Animatograph-Iceland-Edition. (House of Parliament/House of Obsession) Destroy Thingvellir, 2005

Installation view: Figura cuncta videntis (the all-seeing eye) | Homage to Christoph Schlingensief, Thyssen-Bornemisza Art Contemporary, Vienna, Austria, 2010
Photo: Michael Strasser | © Bildrecht, Vienna, 2021
Commissions
Collection

Installation with revolving stage, painted wooden walls, scale models, props, printouts, 13 videos (six projections, seven monitors, b/w and colour, sound), sound
Videos with varying durations (from 20 sec to 19 min 42 sec)
Overall dimensions variable
Commissioned and produced by Thyssen-Bornemisza Art Contemporary
Thyssen-Bornemisza Art Contemporary Collection


The German artist, filmmaker, and theater director Christoph Schlingensief developed a mobile revolving stage installation entitled "Animatograph" for the 2005 Reykjavik Arts Festival. This contribution to the Icelandic festival, which was commissioned by Thyssen-Bornemisza Art Contemporary, has been presented for the first time with a performance by Christoph Schlingensief at the Klink og Bank Gallery in Reykjavik on the 14th of May 2005.

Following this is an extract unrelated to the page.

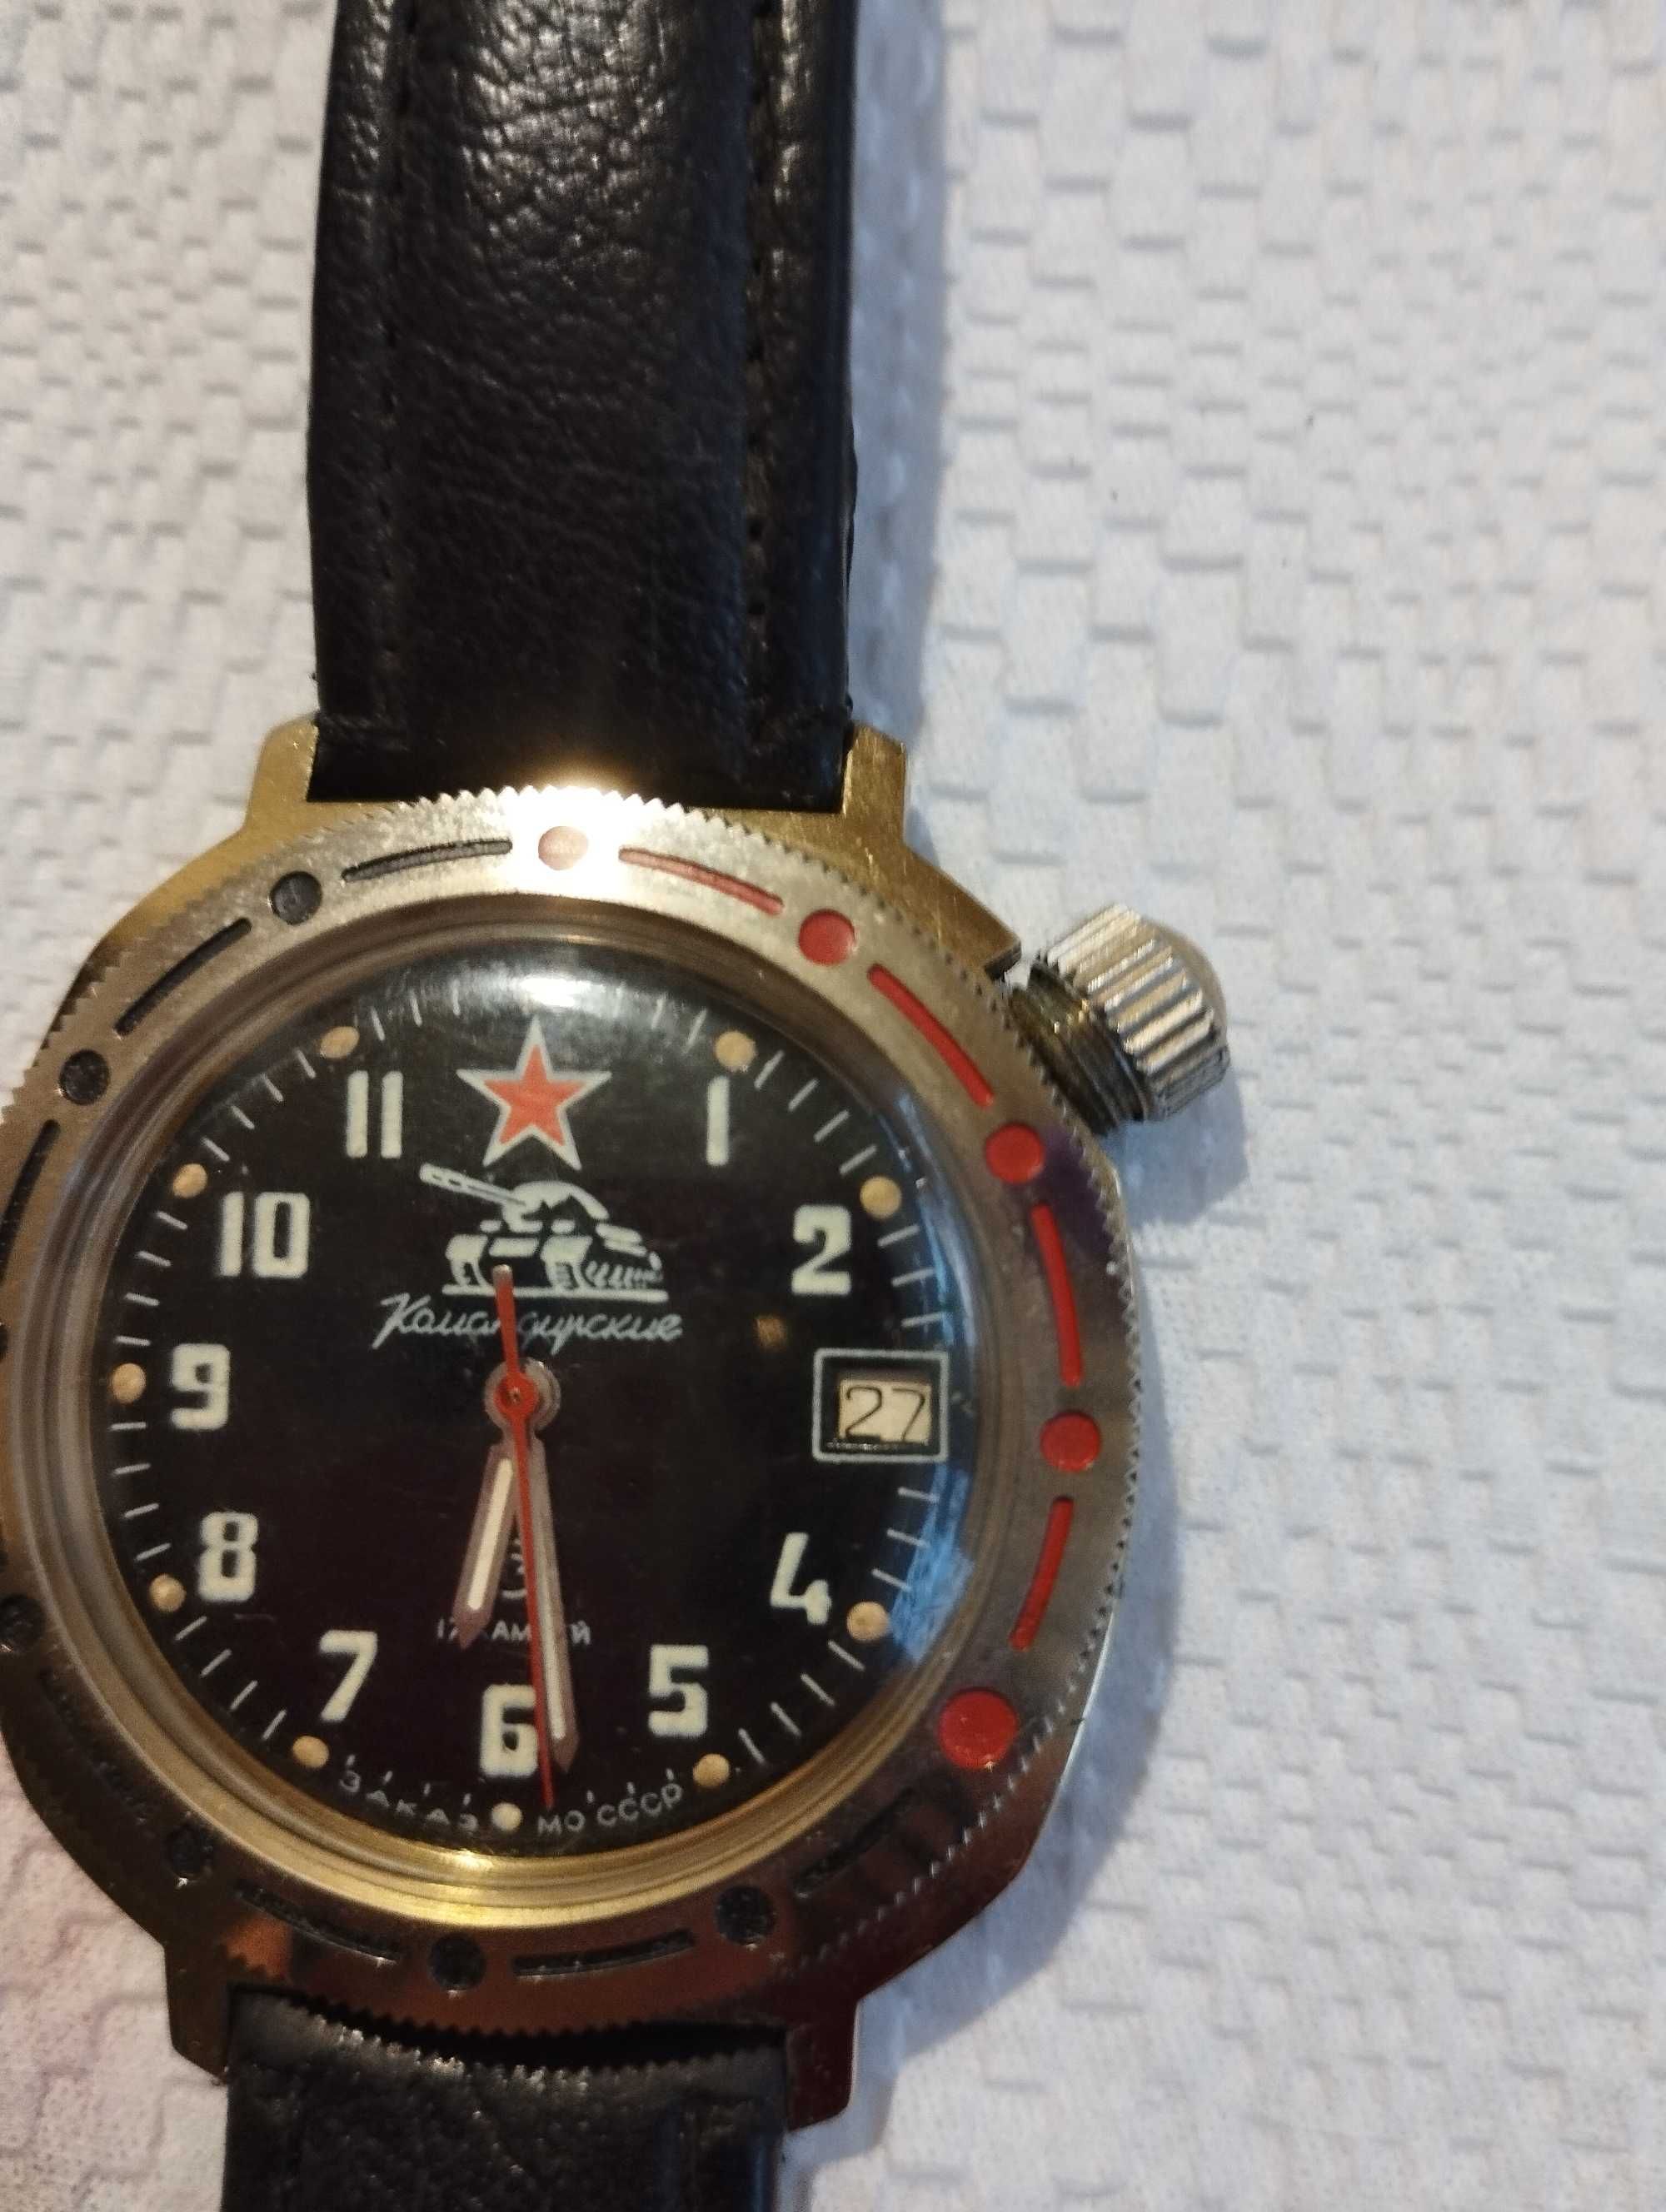 Срочно продам раритетные часы "Командирские", район Саяхата.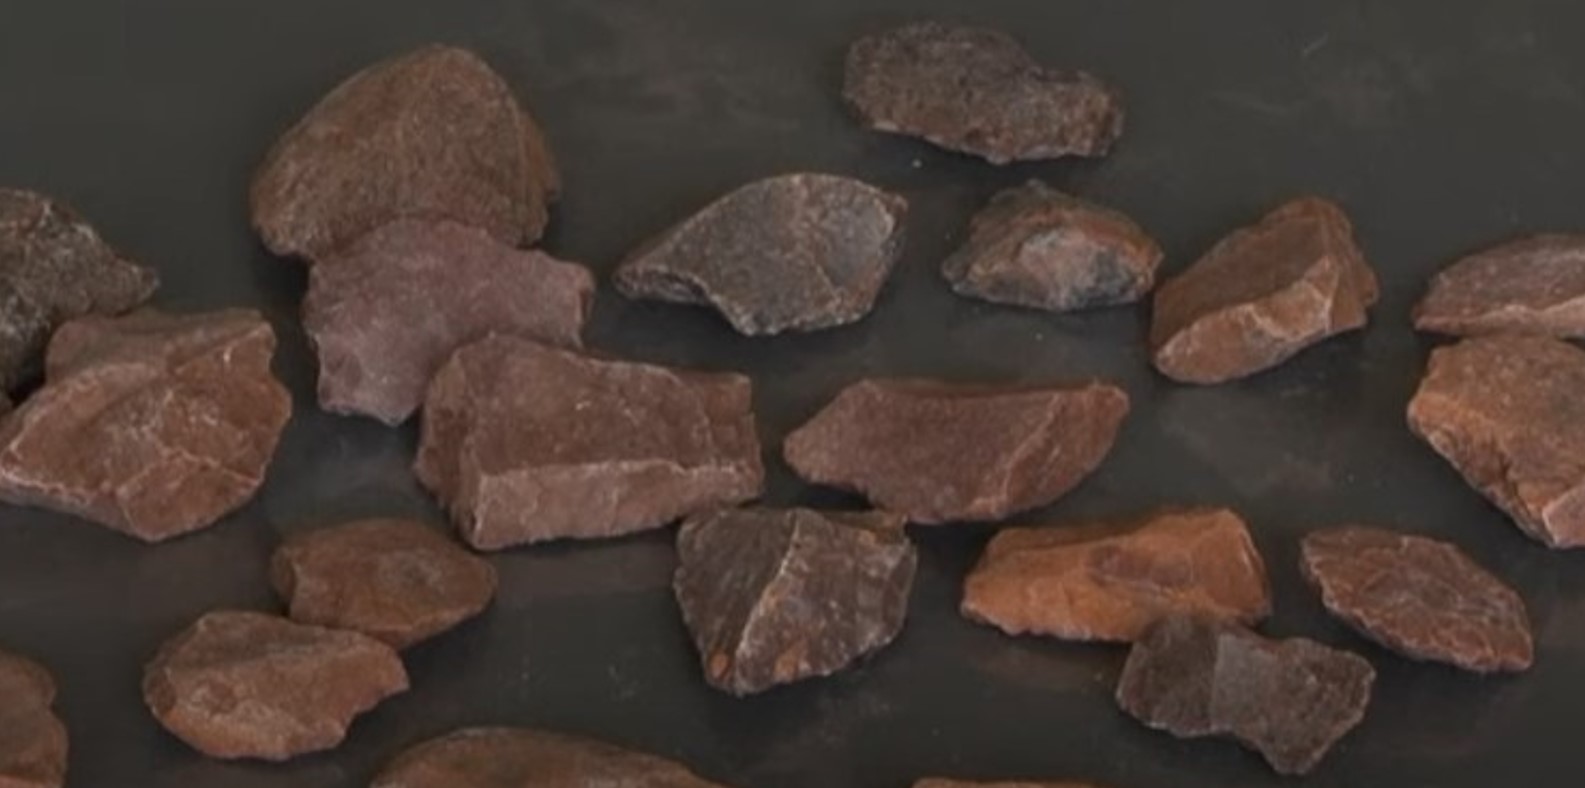 Kenya : découverte d’outils en pierre vieux de 2,9 millions d’années (vidéo) By Jack35 1-27

"And the earth rifted apart and revealed a gash ... Here at this place, where the New and Old Worlds drift apart at a rate of 8 mm a year, the prototype of the Animatograph comes into being. A soul writer. A walk-on photo plate. An organic body situated between mankind's oldest wish for government (Thingvellir) and the house of ungovernable obsessions (Holmur). Here, on this earth crust fringe, spirits ride our bodies; here the biggest film I'll ever make begins. From this fringe, we will travel the earth, crossing cultural and civilizational rape crime scenes to reach the African underworld in October, to search for the hammer, to make holes in the walls to our neighbors next door, and, after announcing to the world the ostrich egg, to fly to Nepal, and from there to the plastic coffins inside the American twin tomb... A dream I fulfill for myself. For anyone who casts a look at the Animatograph exposes it. And anyone who steps onto it is exposed." – Christoph Schlingensief

Thingvellir, 50 km east of the Iclandic capital Reykjavik, is the place where the oldest existing national parliament convened in 930 AD, situated on the edge of a deep earth crack where the North-American and Eurasian continental plates drift apart several millimeters every year. Here, order and obsession coincide from which the idea of government and the forces of nature emanate. At this magic place, Schlingensief developed his project, the "Animatograph - Iceland Edition. Destroy Thingvellir". His provocative view of the paranoid, claustrophobic, and obsessive inclinations of human nature shows the human torn between good and evil. Man's confrontation with higher powers such as spirits, gods, and mythical heroes is an expression of this struggle in which rituals of purification and symbolical metamorphosis play an important role, too. Schlingensief draws on, and combines, Nordic-European, African and Asian spiritual traditions and interweaves filmic visions of the Wagnerian interpretation of the legend of the Holy Grail with shamanistic traditions and Nordic sagas such as the "Edda".

 
"The Animatograph", a projection apparatus from early film history, combines elements of the visual and performing arts into a new format. The revolving stage construction, an "actionist photo plate", is used both as a recorder and as a film and sound projector. Live interventions are supplemented with overlapping film projections and sound environments.
"And the graves opened, and many bodies of the deceased rose and went from their graves into town, and appeared to many. They laid hold on people and wrapped them in canvas so as to make an image of them."

"The Animatograph" is based on a series of films, shot on different locations in Iceland in collaboration with local artists, musicians, and (amateur) actors. The performance character of the installation undercuts the usual one-directional communication between actors and audience and involves viewers as participants, renouncing the sole authority of the author with regard to the reading of the work: Schlingensief unfolded the narrative through the use of filmic and media paradigms and saw his project as a living organism, which reloads at every stop along its way.


*1960 in Oberhausen, Germany | † 2010 in Berlin, Germany

Christoph Schlingensief was a German theatre director, performance artist and filmmaker. Starting as an independent underground filmmaker, Schlingensief later staged productions for theatres and festivals, often accompanied by public controversies. Already as a young man Schlingensief had organized art events in the cellar of his parents' house, and local artists such as Helge Schneider or Theo Jörgensmann performed in his early short films. He considered himself a 'provocatively thoughtful' artist. He created numerous controversial and provocative theatre pieces as well as films, his former mentor being filmmaker and media artist Werner Nekes.